### TASK DESCRIPTION
Copy the data exactly. Images are to be left out.

### RAW DATA
++++

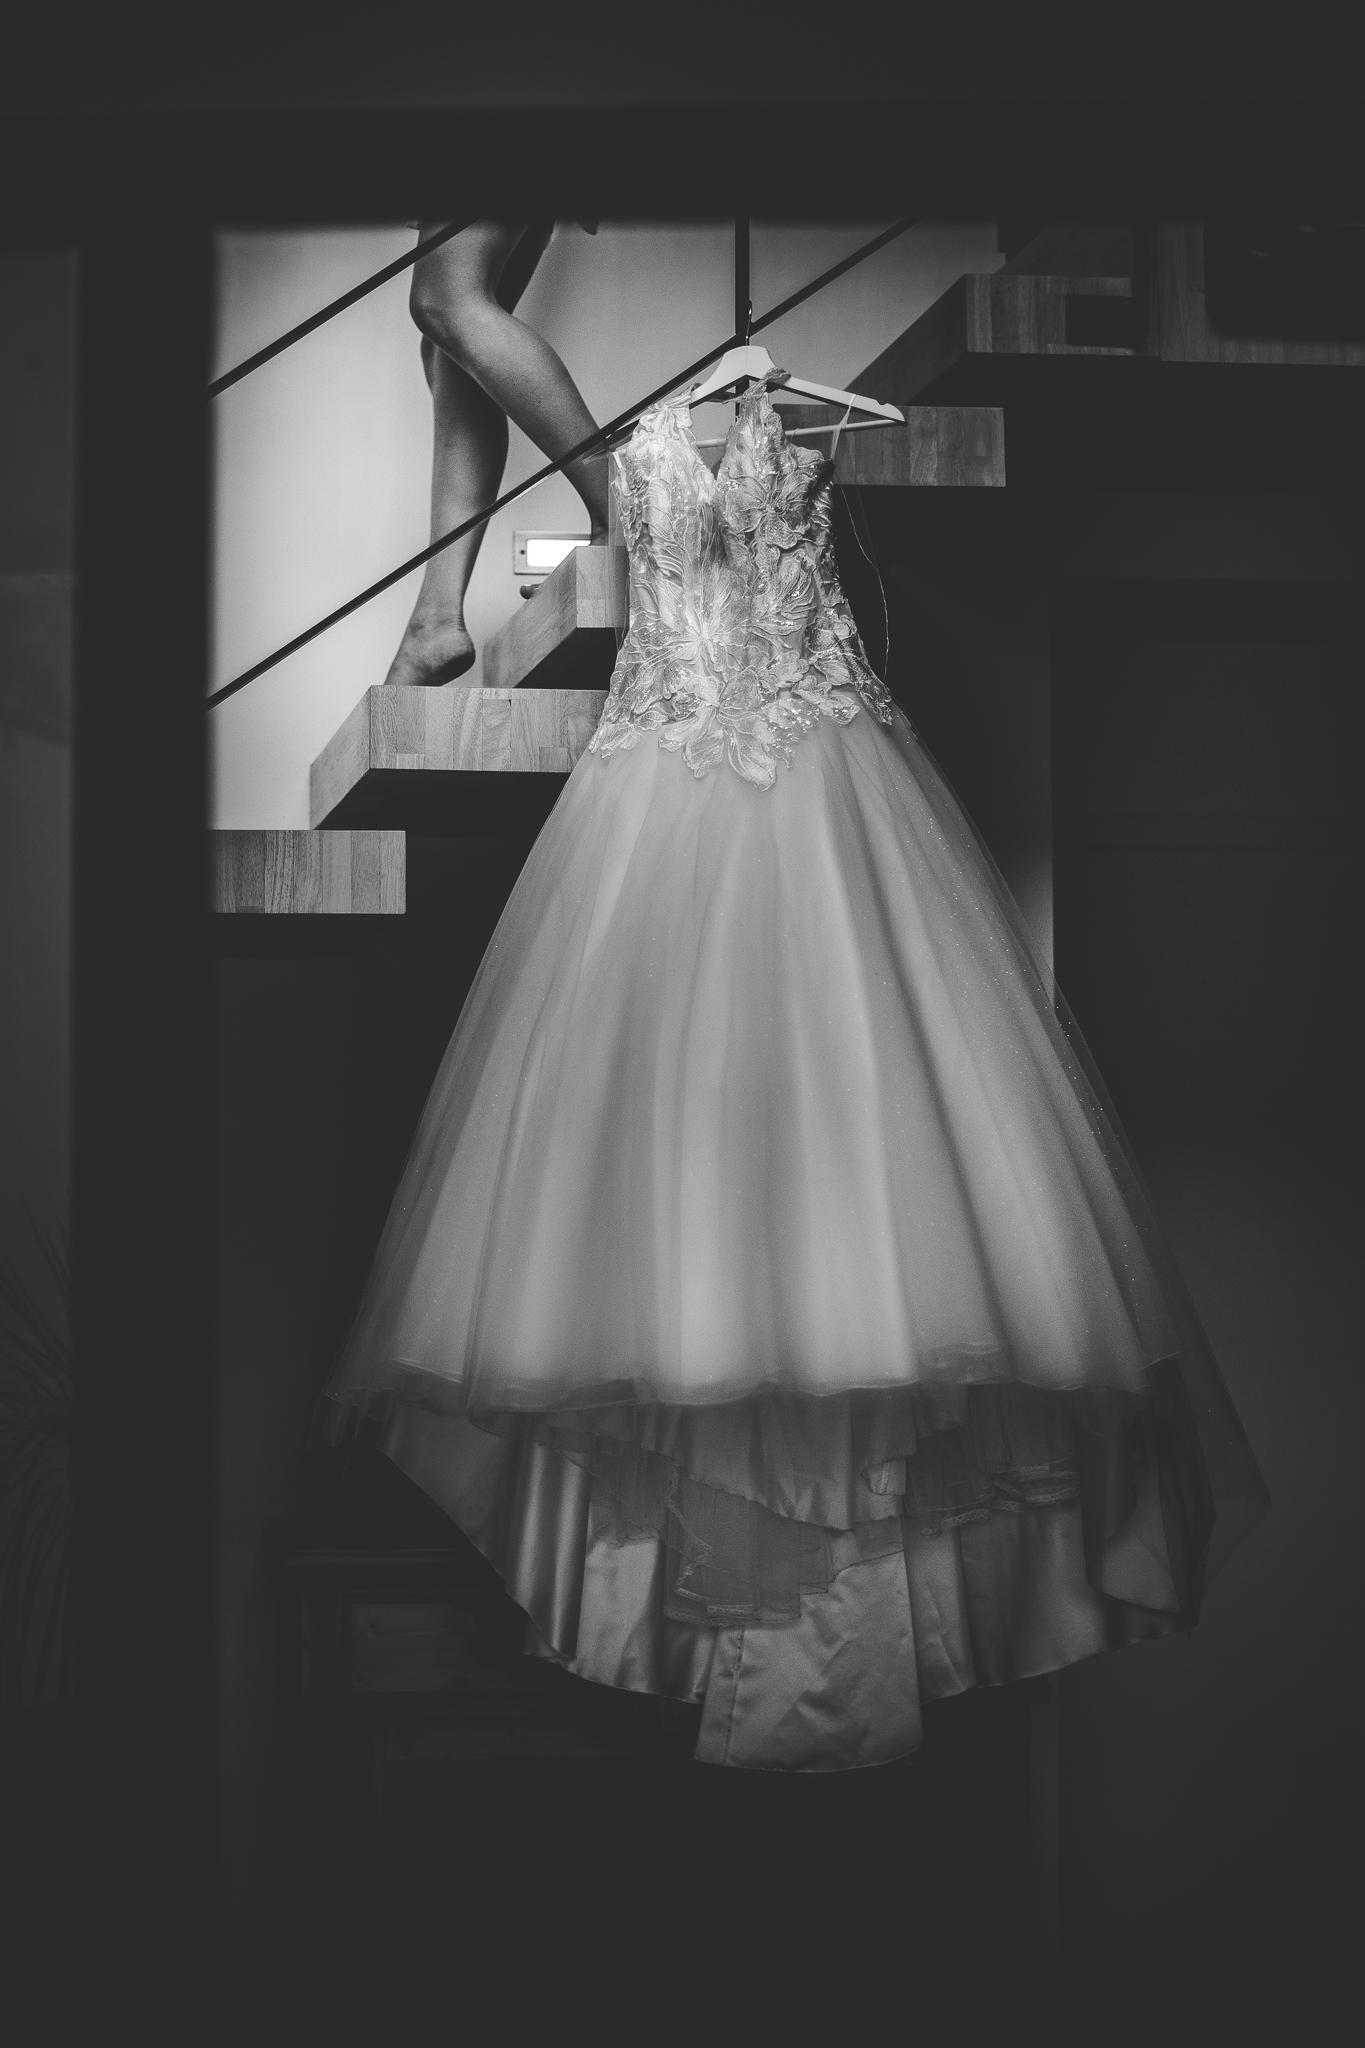 reportage mariage photo habillage preparatifs la mariee details robe mariage auch gers
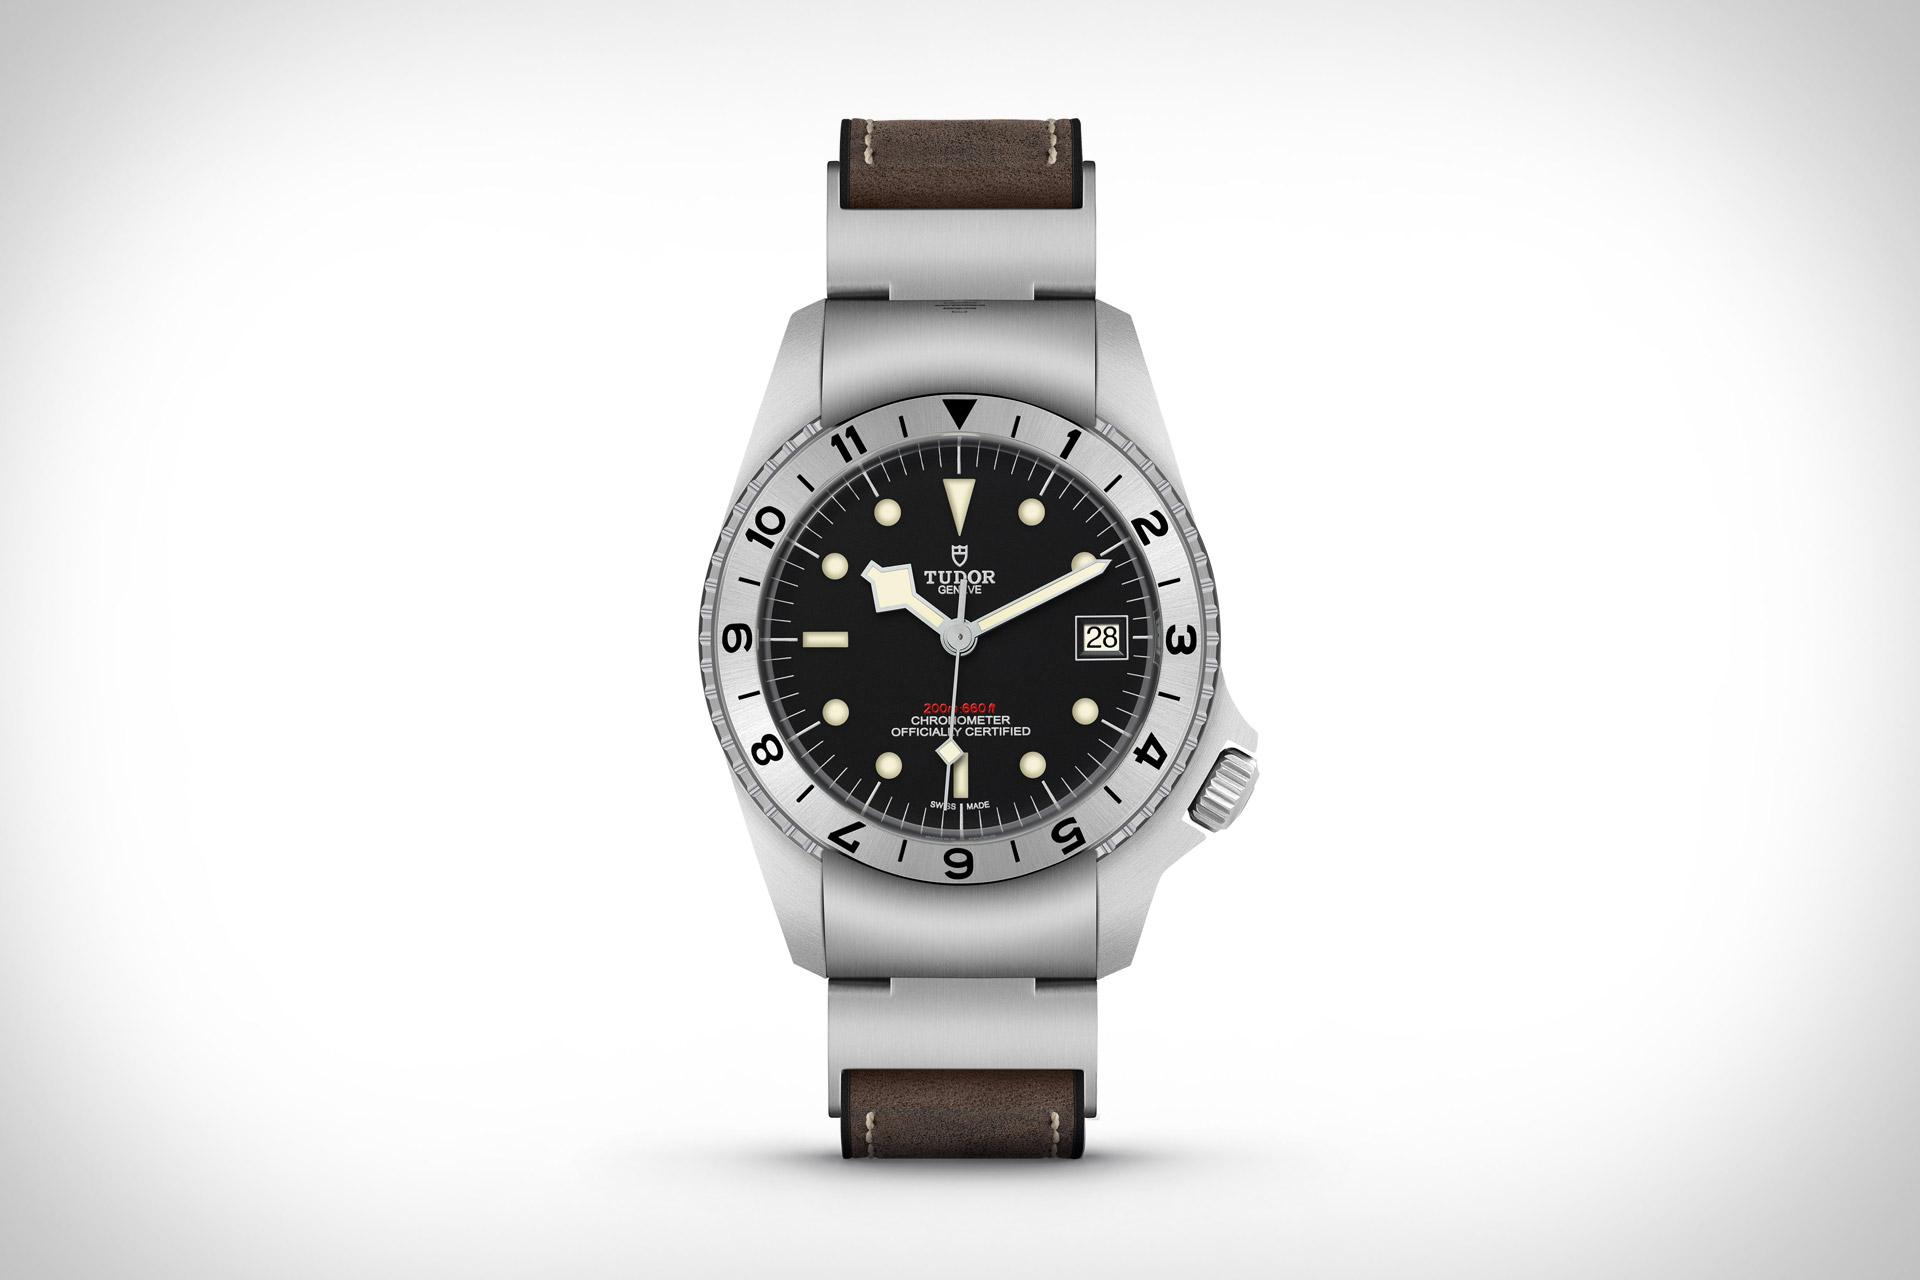 Tudor Black Bay P01 Watch
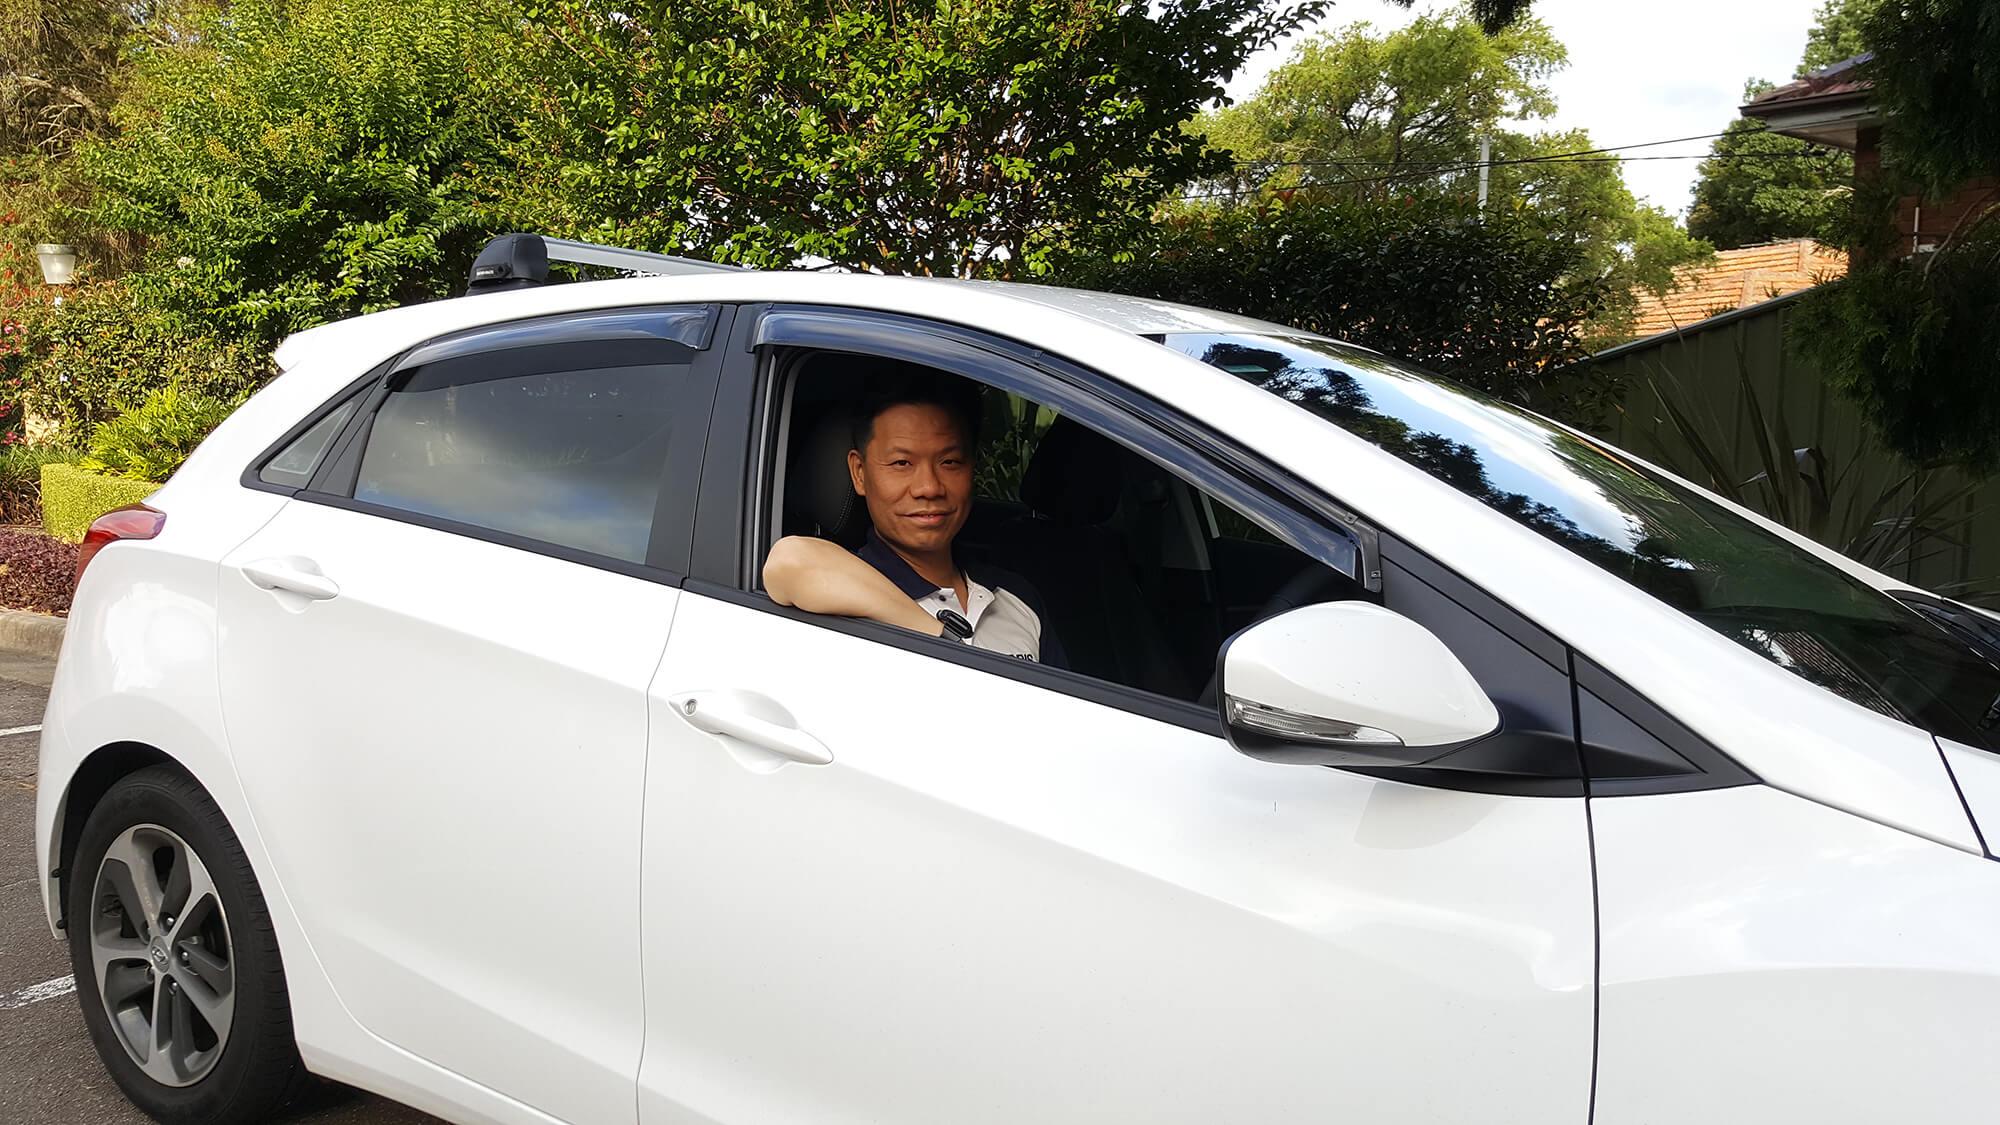 Driving Instructor Rockdale inside car Dannyl

++++

### OUTPUT FOR THIS TASK
 reportage mariage photo habillage preparatifs la mariee details robe mariage auch gers
 Tudor Black Bay P01 Watch
 Driving Instructor Rockdale inside car Dannyl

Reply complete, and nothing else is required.